Improved antilipolytic effect in adipose tissue via SGLT2i attenuates weight loss in T2D patients
Progressive lipolysis may be reduced via the improved antilipolytic effect in adipose tissue, which leads to a reduction in future weight loss caused by sodium-glucose cotransporter 2 inhibitors (SGLT2is) in patients with type 2 diabetes (T2D), suggests a recent study.
The authors analysed data from 774 patients with T2D (mean age, 58.5 years; glycosylated haemoglobin, 8.1 percent; body mass index, 25.6 kg/m2; estimated glomerular filtration rate, 83.9 mL/min/1.73m2; 66 percent men).

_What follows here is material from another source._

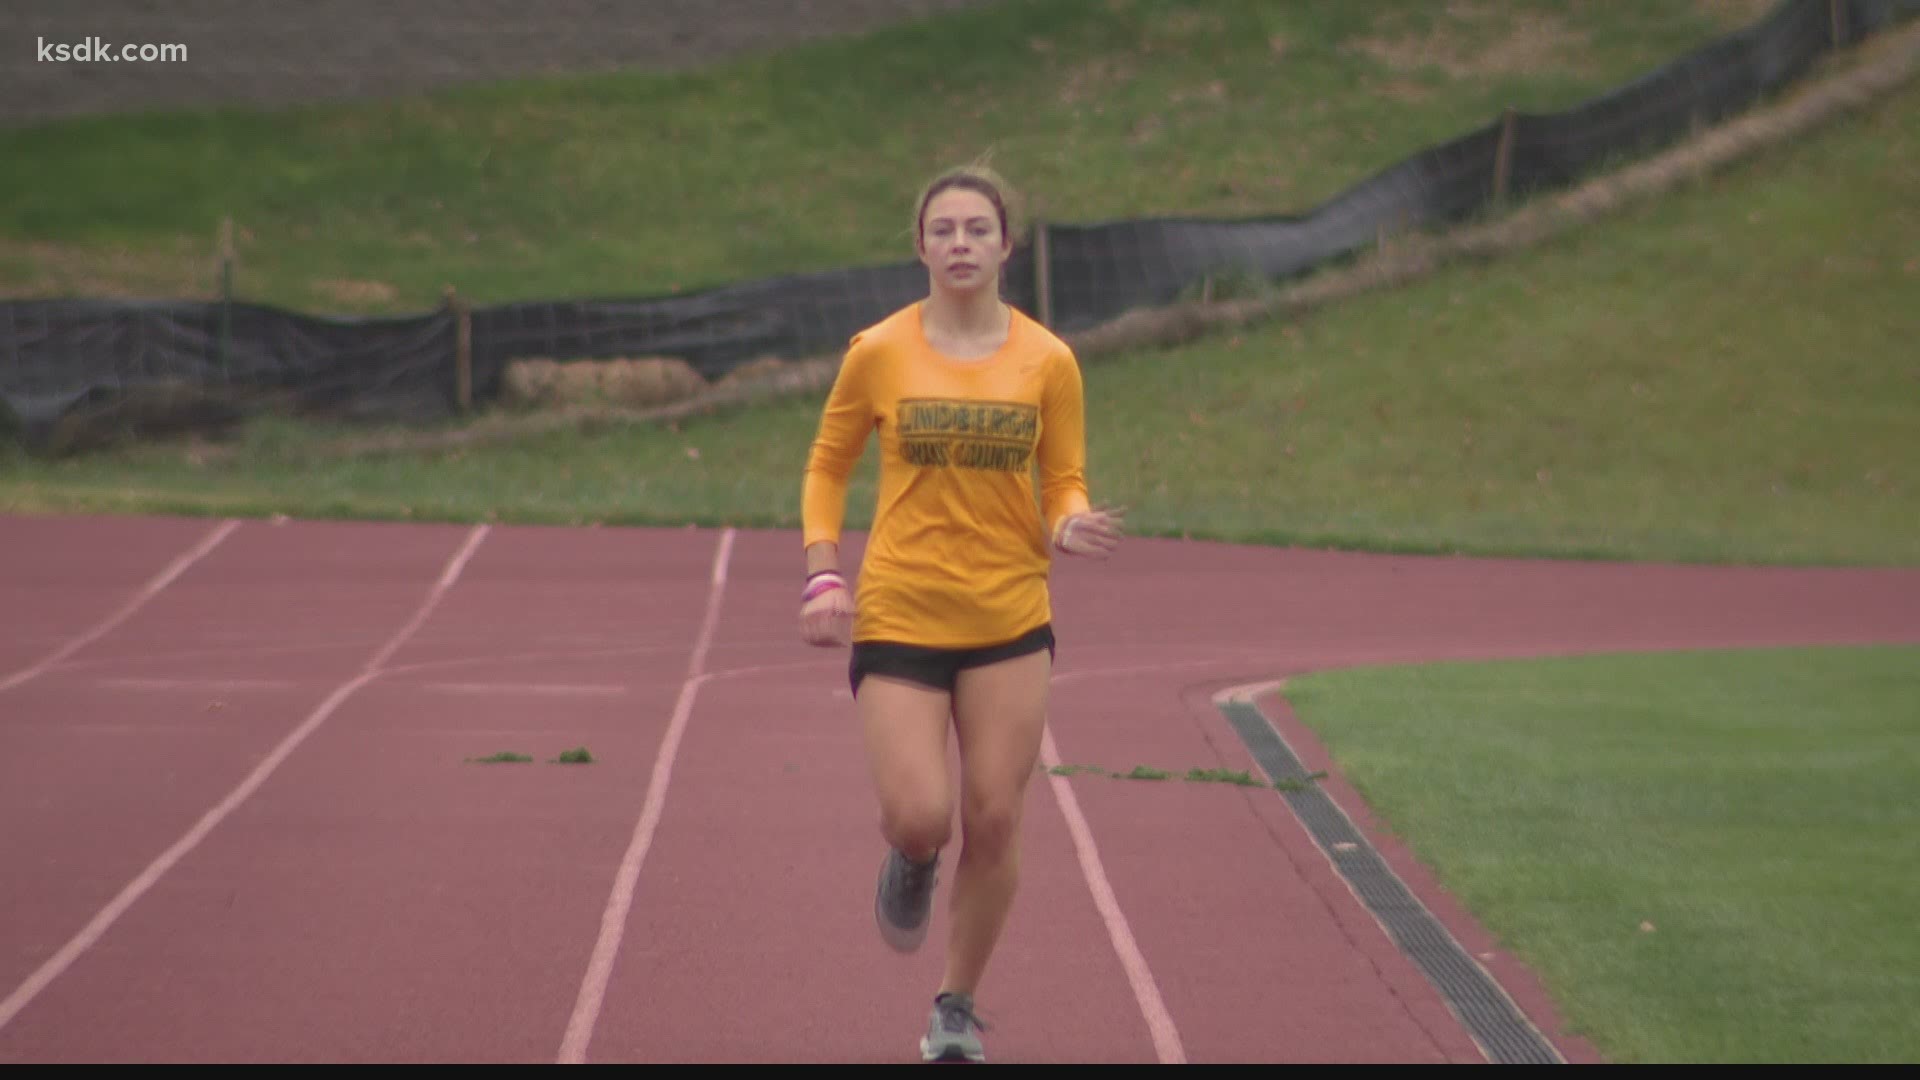 High school senior runner Ally Forbes has worked her way all the way back to the track finish line after undergoing open heart surgery

After decreasing significantly, weight loss plateaued between weeks 24 and 52. There was a significant decrease in fasting insulin levels from baseline to week 24, and this was maintained until week 52. Levels of fasting free fatty acids significantly increased and peaked at week 24 before decreasing at weeks 24–52.
Furthermore, levels of adipose tissue insulin resistance (Adipo-IR) decreased progressively all the way through week 52 (–3.6 and −6.2 mmol/L·pmol/L at weeks 24 and 52, respectively; p<0.001 for baseline vs weeks 24 and 52 and week 24 vs week 52). Higher baseline levels of Adipo-IR showed an independent association with greater weight loss at week 52.
This study sought to determine the mechanism of the attenuated weight loss during long-term treatment with an SGLT2i, tofogliflozin, focusing on the antilipolytic effect of insulin on adipose tissue. The authors conducted an integrated analysis using data from two phase III studies of 52 weeks of tofogliflozin administration.
Adipo-IR, calculated from the product of the levels of fasting insulin and fasting free fatty acids, was used to assess the antilipolytic effect.